- [INFORMATION PROVIDED]:
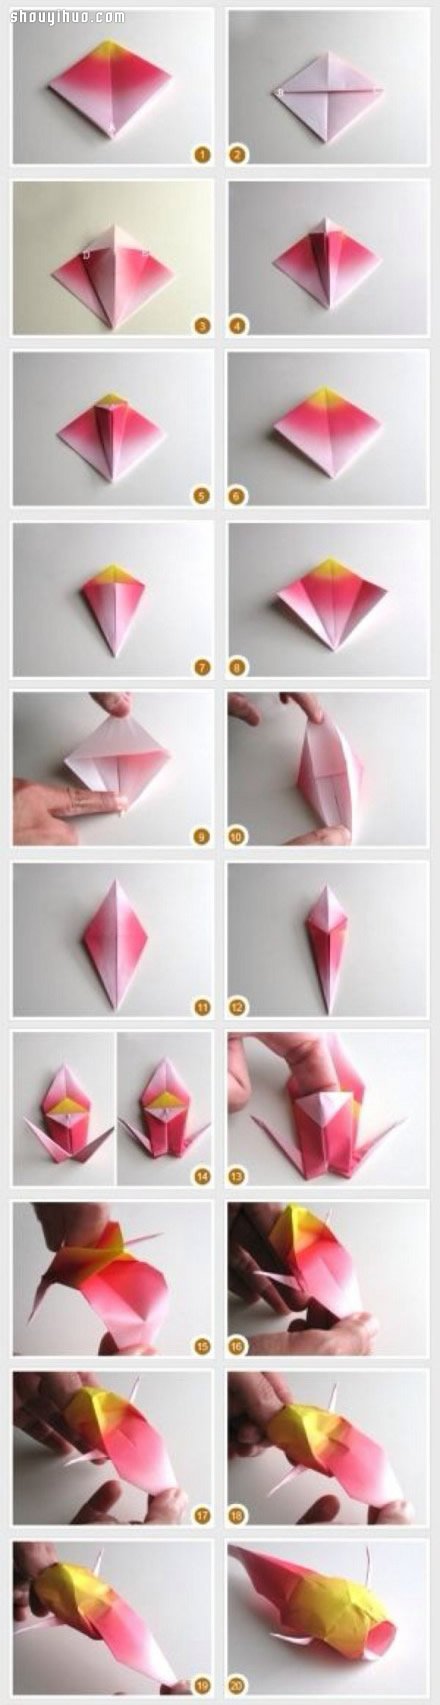 折纸逼真立体金鱼 金鱼的折法图解教程
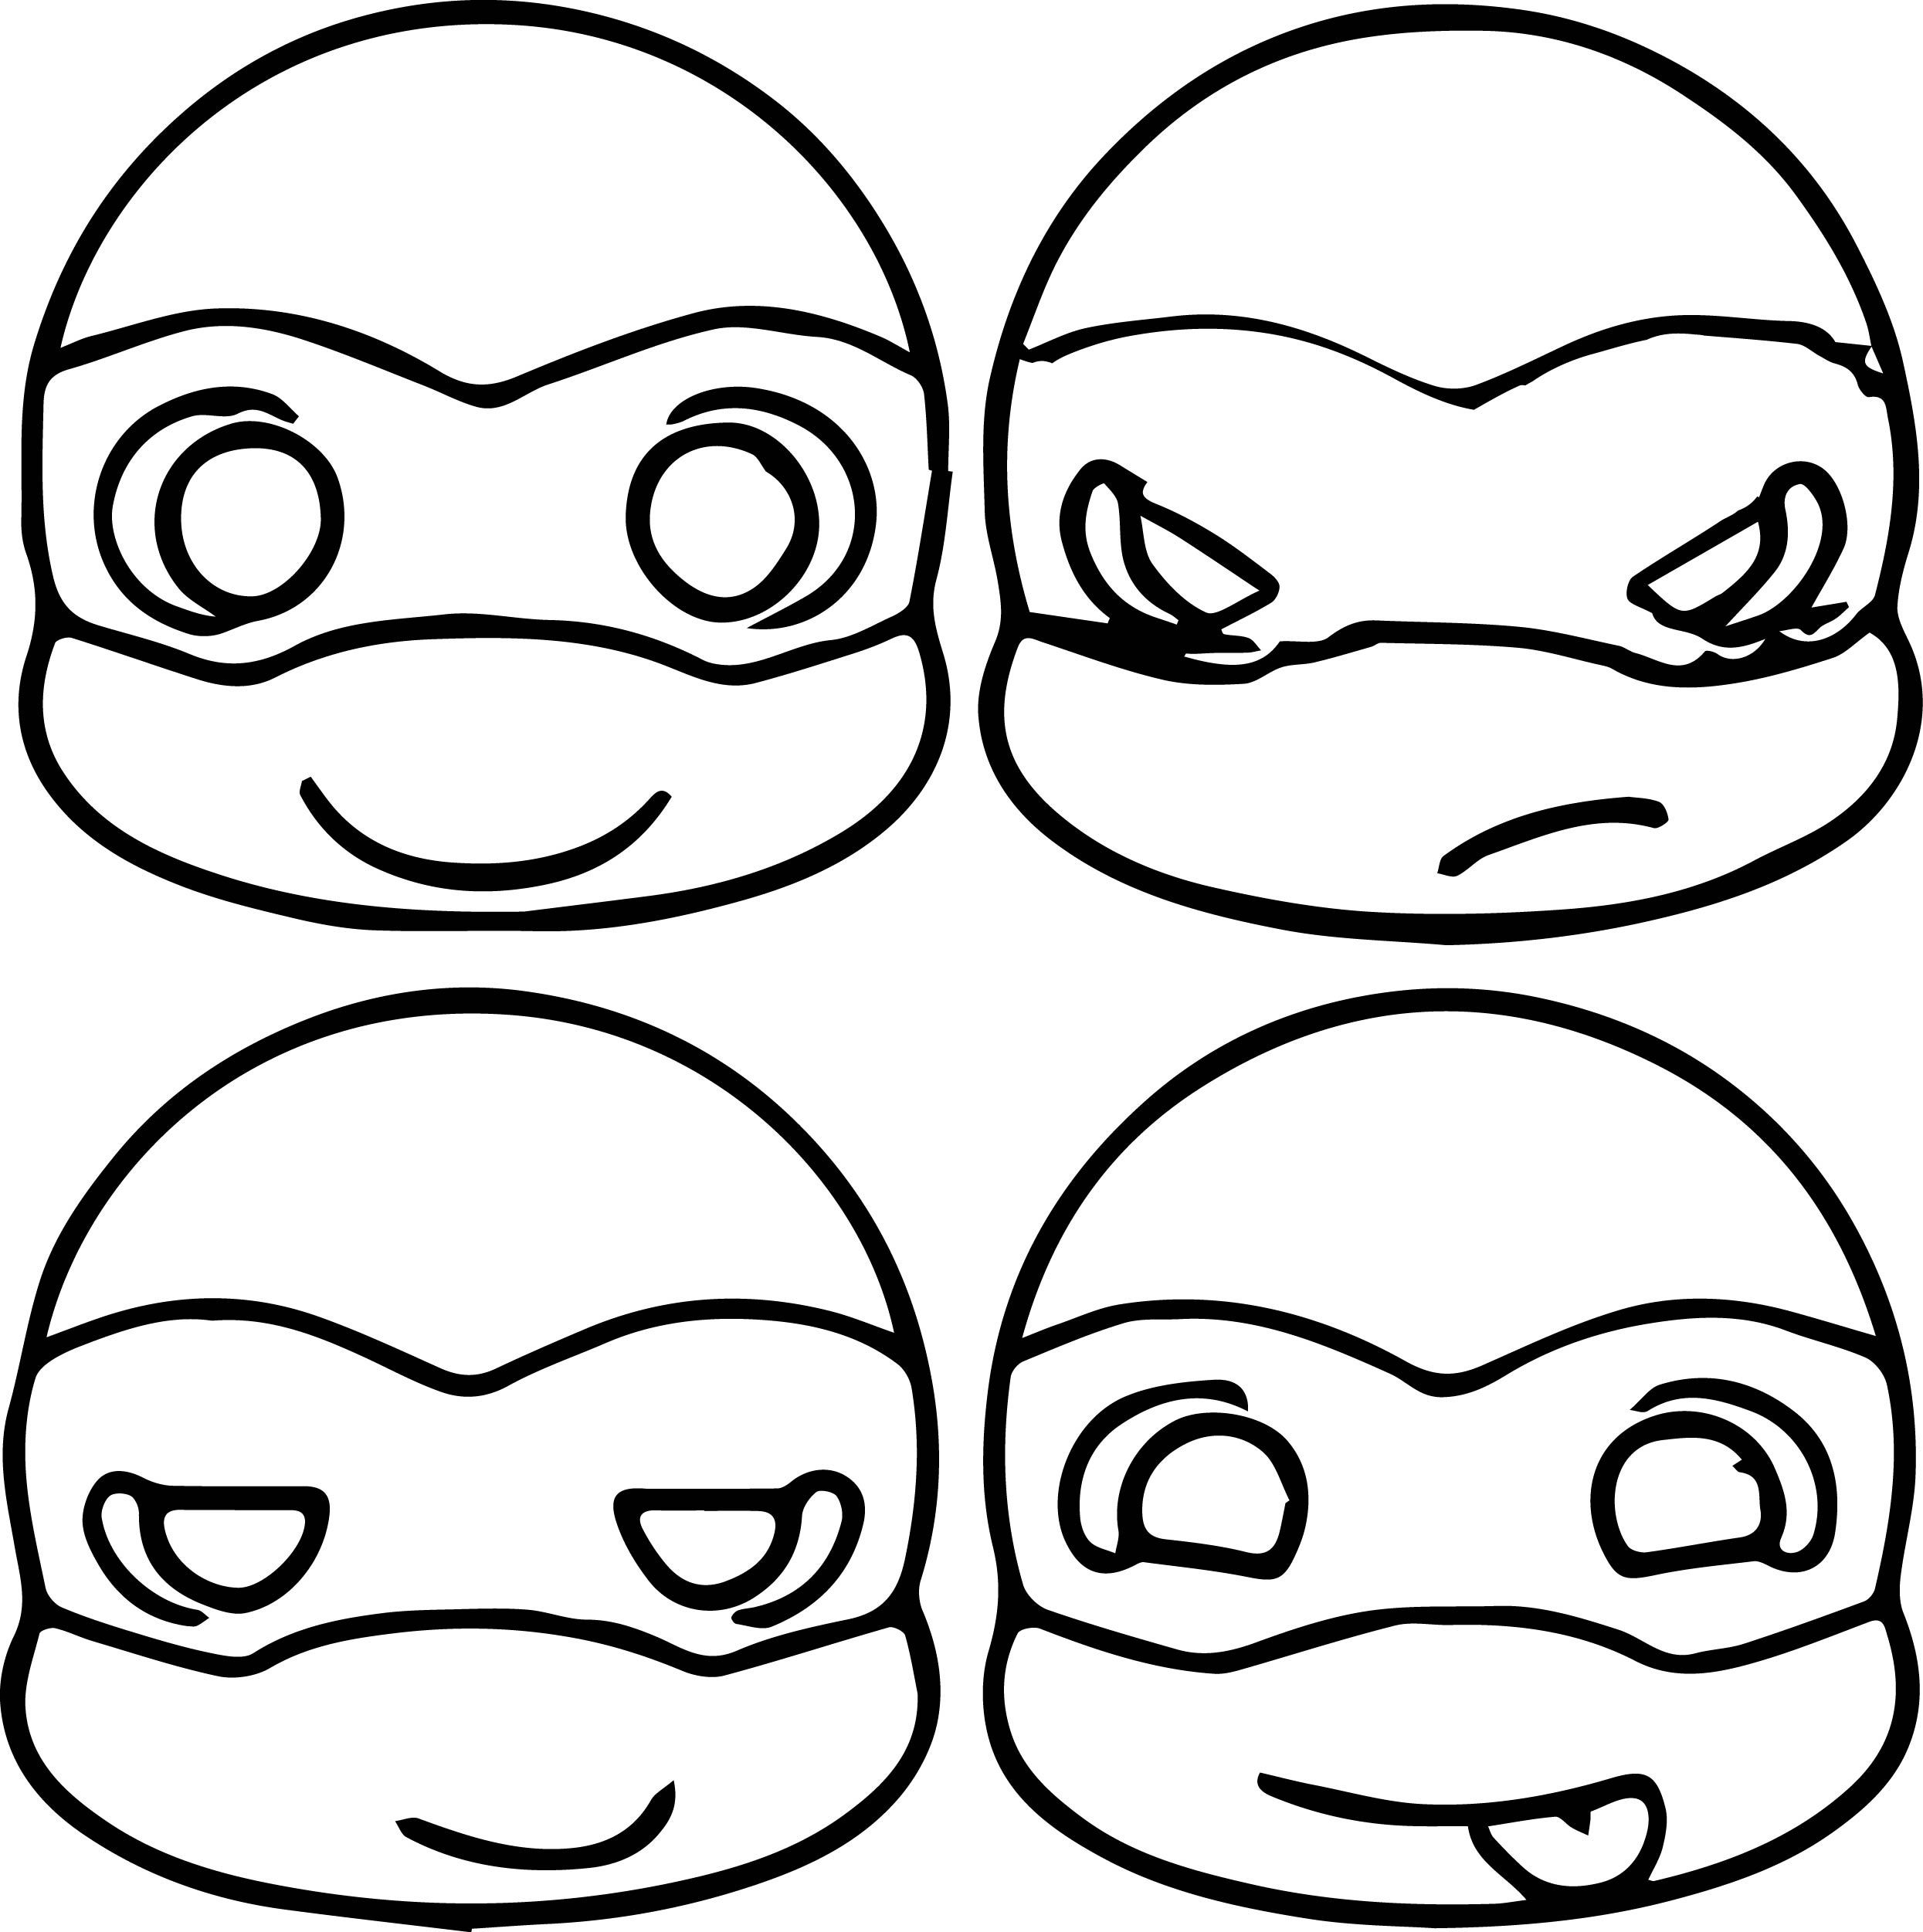 Teenage Mutant Ninja Turtles Coloring Pages Best
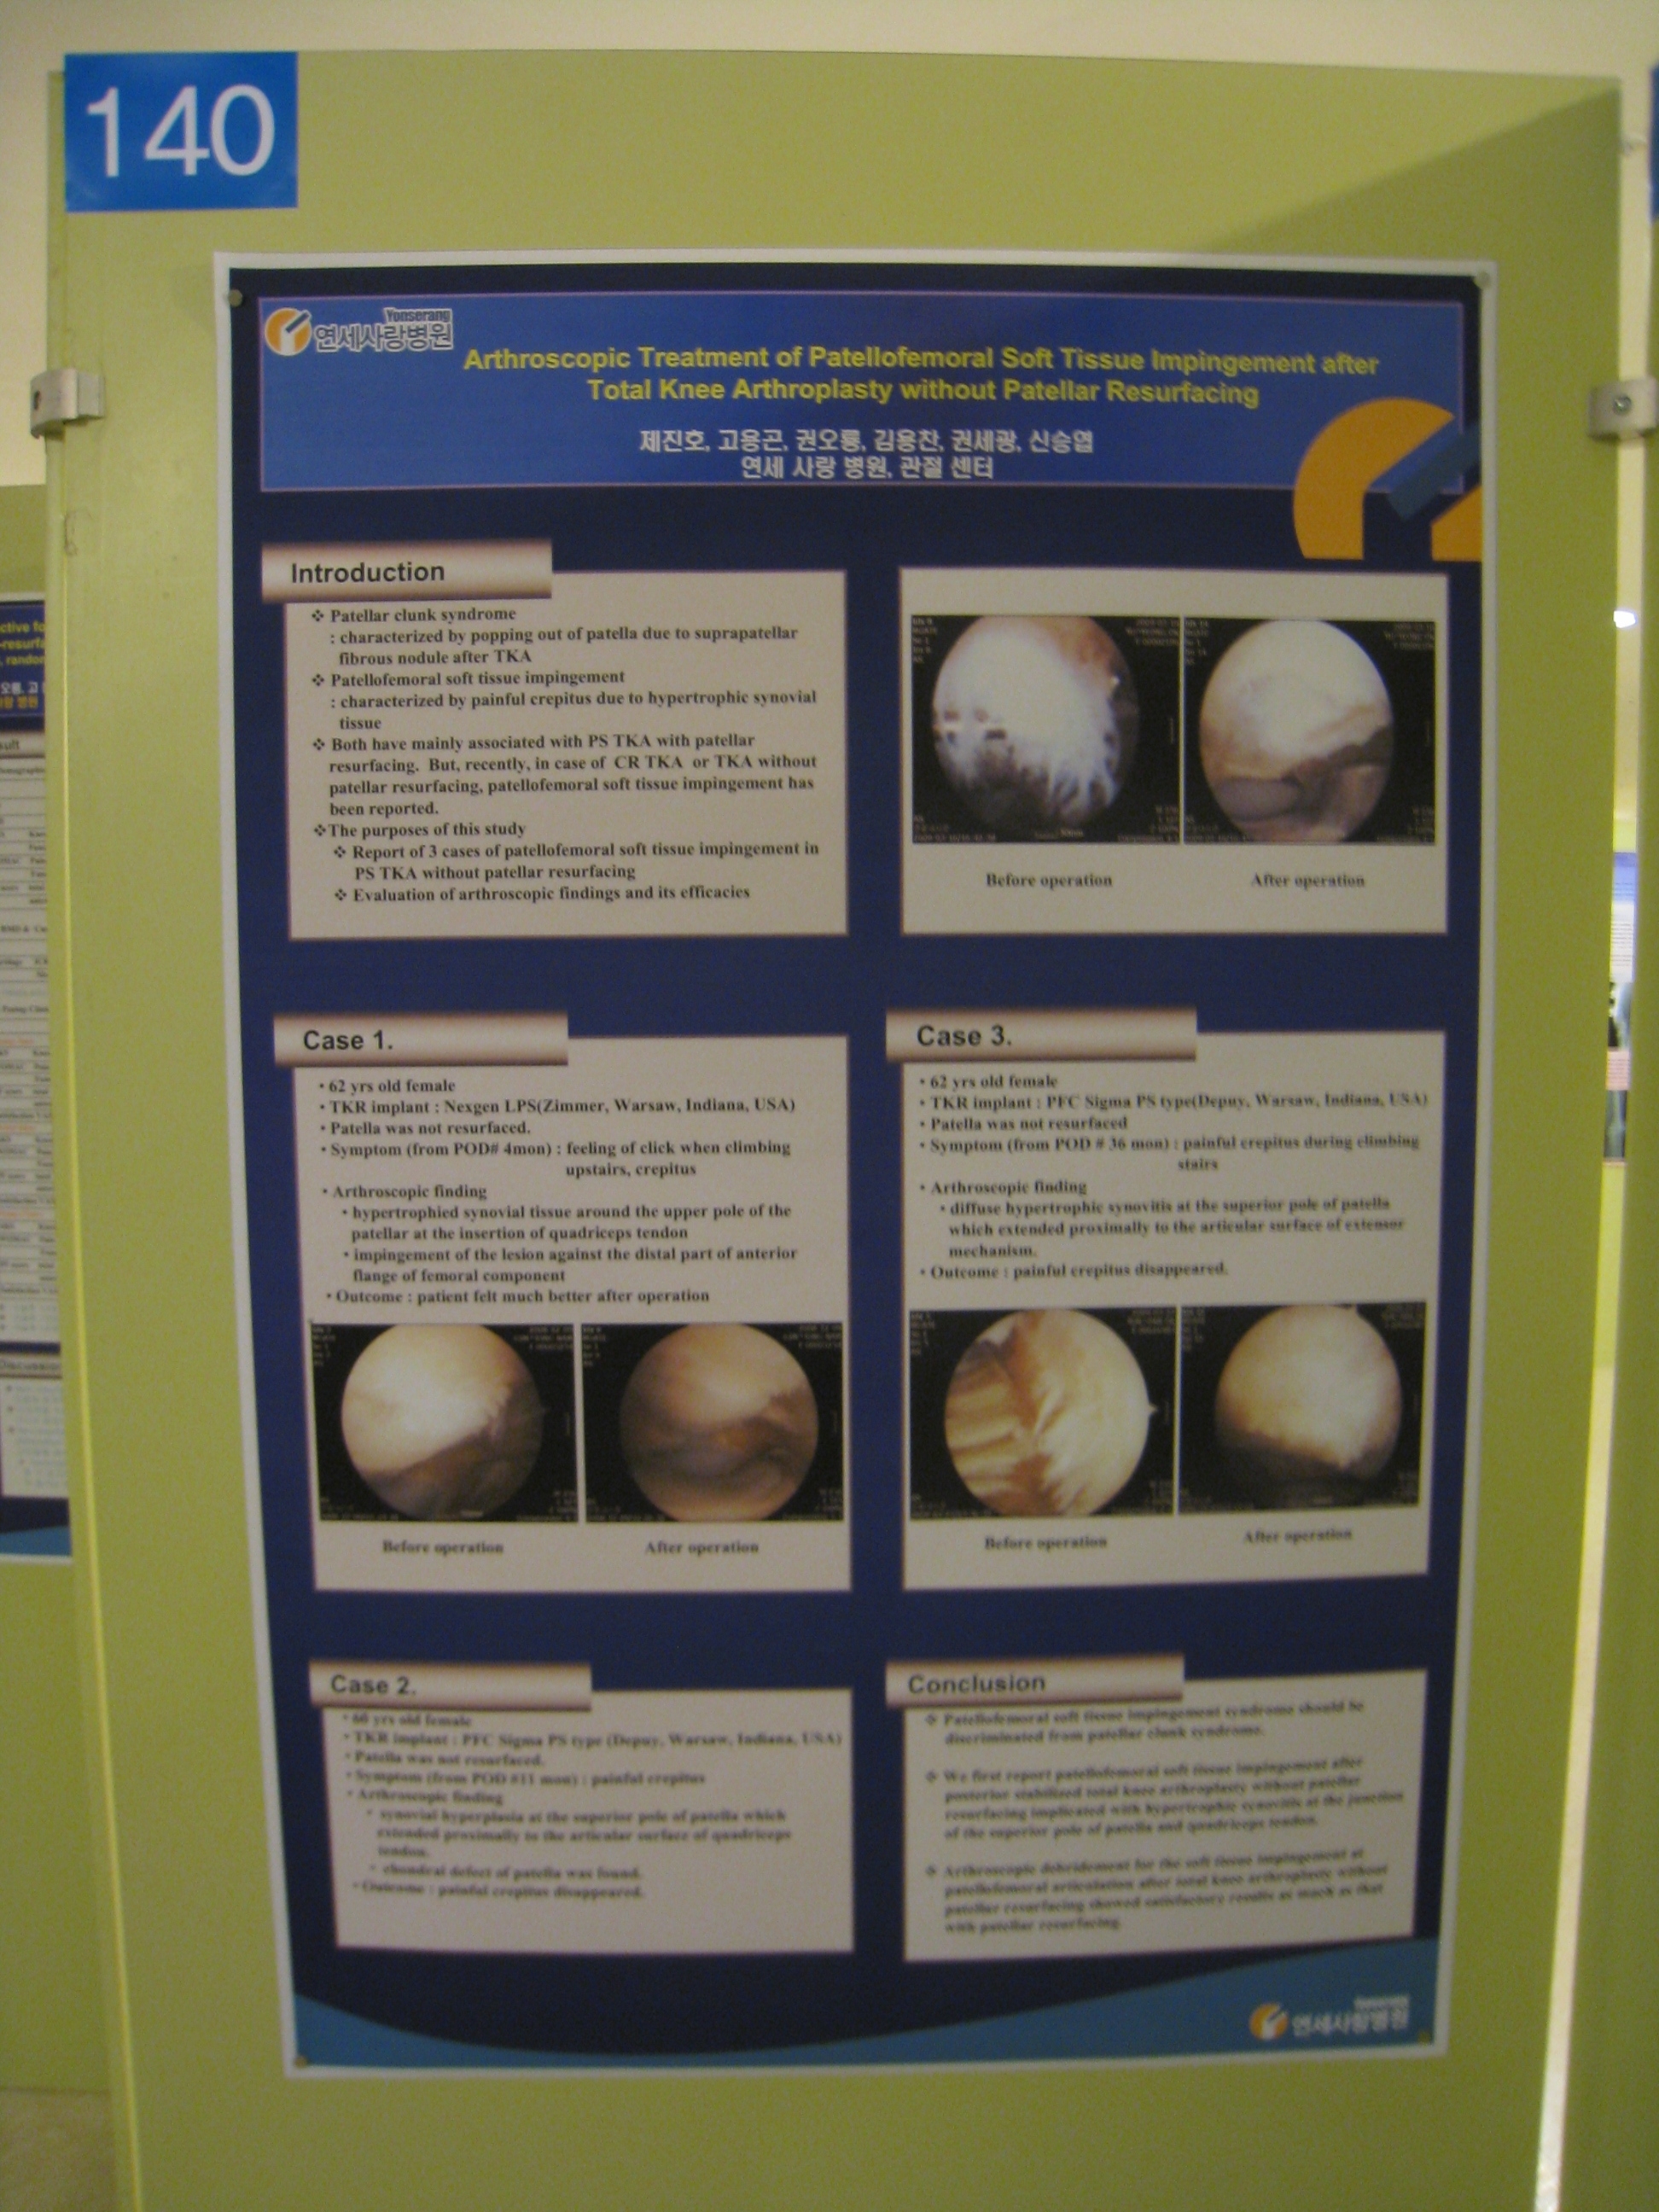 [2009 대한정형외과 학회 포스터]슬개골을 치환하지 않은 인공슬관절 전치환술에서의 슬개골 감입 증후군 게시글의 1번째 첨부파일입니다.

- [TASK]:
Reproduce, unchanged, each line between the one with "Teenage Mutant Ninja" and the last line of the material, both included; the pictures do not go in.

- [OUTPUT OF THE TASK]:
 Teenage Mutant Ninja Turtles Coloring Pages Best
 [2009 대한정형외과 학회 포스터]슬개골을 치환하지 않은 인공슬관절 전치환술에서의 슬개골 감입 증후군 게시글의 1번째 첨부파일입니다.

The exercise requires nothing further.